| WASHINGTON
WASHINGTON U.S. President Donald Trump and Republican congressional leaders worked on Wednesday to try to secure enough support in the House of Representatives to win passage of their Obamacare rollback bill, watched by wary investors in financial markets.
Repealing and replacing Democrat Barack Obama’s 2010 Affordable Care Act is the first major test of Trump’s legislative ability and whether he can keep his big promises to business.
The current House Republican rollback plan, scheduled for a floor vote on Thursday, faces stiff resistance from some conservative Republicans who view it as too similar to Obamacare, and from moderates who fear its impact on voters.
Trump and House Speaker Paul Ryan, the measure’s leading proponent, can afford to lose only about 20 Republican votes or risk failure, since Democrats are united against it. By some estimates, 26 House Republicans have signaled their opposition.
Trump’s promises during his election campaign and his first two months in office have lifted U.S. stock markets to new highs. But stocks fell back on Tuesday as investors worried that a rough ride for the healthcare legislation could have an effect on Trump’s ability to deliver on other big pieces of his agenda, from cutting taxes and regulation to boosting infrastructure.

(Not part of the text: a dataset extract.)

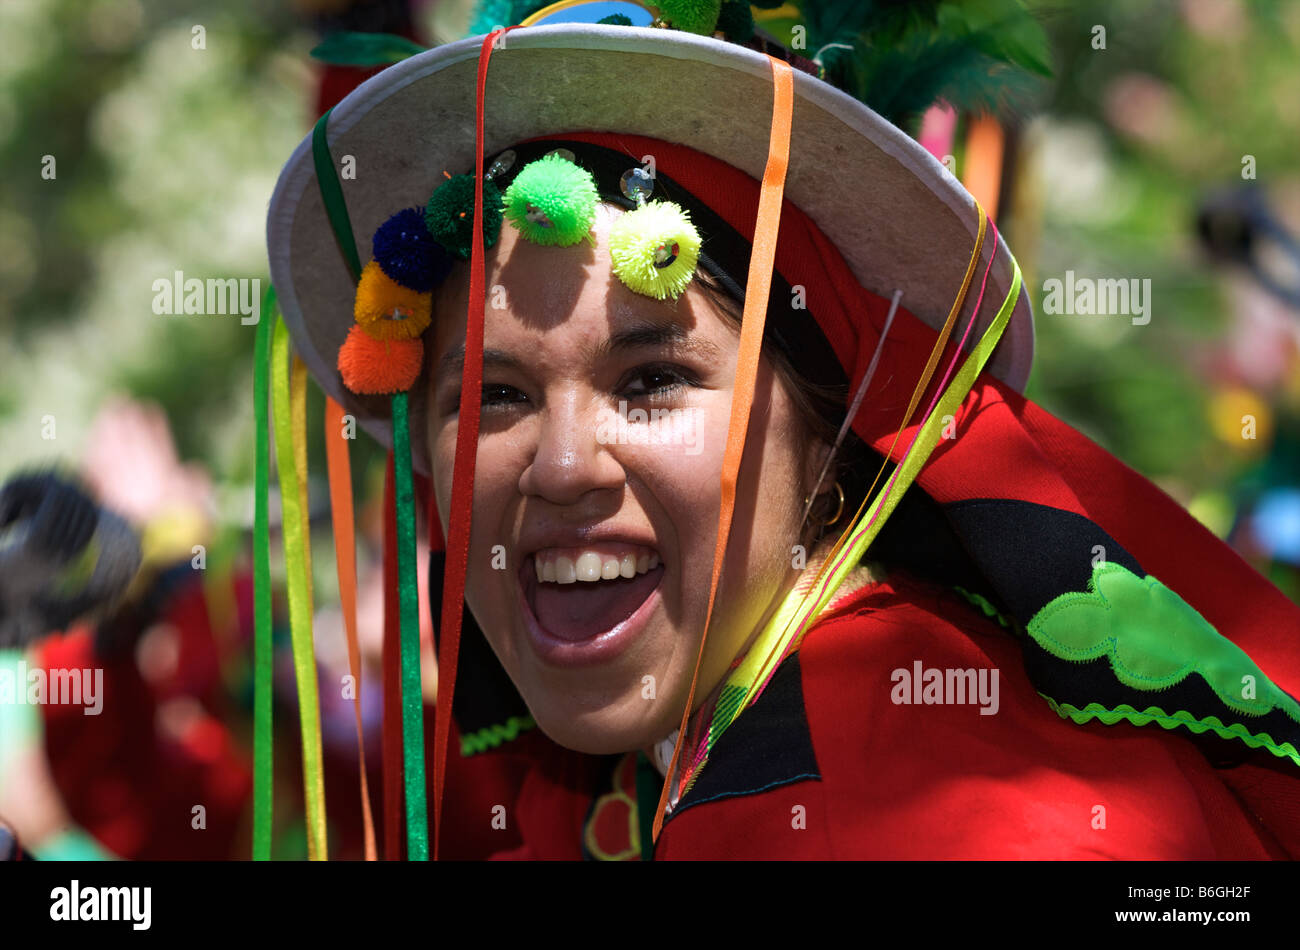 Ragazza ridere in costume rosso con hat e nastri Foto Stock

The S&P 500 and Nasdaq stock benchmark indexes were little changed on Wednesday.
“The Trump agenda is like a one-lane road with this big truck called ‘healthcare’ in the lead,” said Brookings Institution senior fellow William Galston. “If that truck breaks down, everything else will back up.”

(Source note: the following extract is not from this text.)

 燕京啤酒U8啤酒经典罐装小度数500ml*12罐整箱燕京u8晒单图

While paying little attention to the details of the House Republican effort, Trump has put considerable effort into shoring up the bill, actively courting conservative lawmakers who say the bill is too similar to Obamacare. In a trip to Capitol Hill on Tuesday he warned Republicans that the political consequences of failure could be steep in next year’s congressional midterm elections.
Trump was expected to continue trying to sell the plan, called the American Health Care Act, to hard-line conservatives when members of the House Freedom Caucus visit the White House on Wednesday.
“Big day for healthcare. Working hard!” tweeted Trump, who took office in January.
“GET HEALTHCARE DONE”
At rallies in Nashville, Tennessee, and Louisville, Kentucky, this week meant to drum up support for the bill, Trump spent little time discussing specifics and made clear he saw it as a step on the road in a broader agenda.
He said Congress and the administration needed to “get the healthcare done” to “start the tax reductions.”
Obamacare overhauled the American health insurance system and aimed to reduce the numbers of Americans with no health insurance. Twenty million people gained insurance under the law, but Republicans have long targeted it as government overreach because of its mandates on individuals and employers, and they have criticized rising costs of insurance premiums.
The nonpartisan Congressional Budget Office estimated 14 million people would lose medical coverage under the Republican plan by next year.
Ryan, in several radio interviews early on Wednesday, pressed his case that Republicans had to keep their campaign promise to jettison Obamacare and that all factions of the party should unite to deliver the bill.
“We can get it done,” Ryan said on “The Jay Weber Show.”
He said conservatives who oppose the bill need to recognize that the House bill has to be crafted so it can pass the Senate, where Republicans hold a slimmer majority, and that they will have more opportunities to pursue changes later.
Even if the legislation gets through the House, its fate is uncertain in the Senate, where a number of Republicans have spoken out against the House version.
Senator John Thune, head of the Senate Republican Conference, said on “Fox & Friends” that “This is the beginning of a process, not the end of a process.”
Ryan said he expected the Senate to work on the bill next week and another House vote on the final measure the week of April 3, with it headed to the White House for Trump to sign it into law by Easter, April 16.
That optimistic timeline would depend on a rapid end to Republican resistance to the bill.
Republican leaders made some changes to the bill this week to try to satisfy critics from their own party but that and Trump’s visit to Congress on Tuesday did not appear to sway members of the hard-line conservative House Freedom Caucus who said they have enough votes to defeat the bill on Thursday.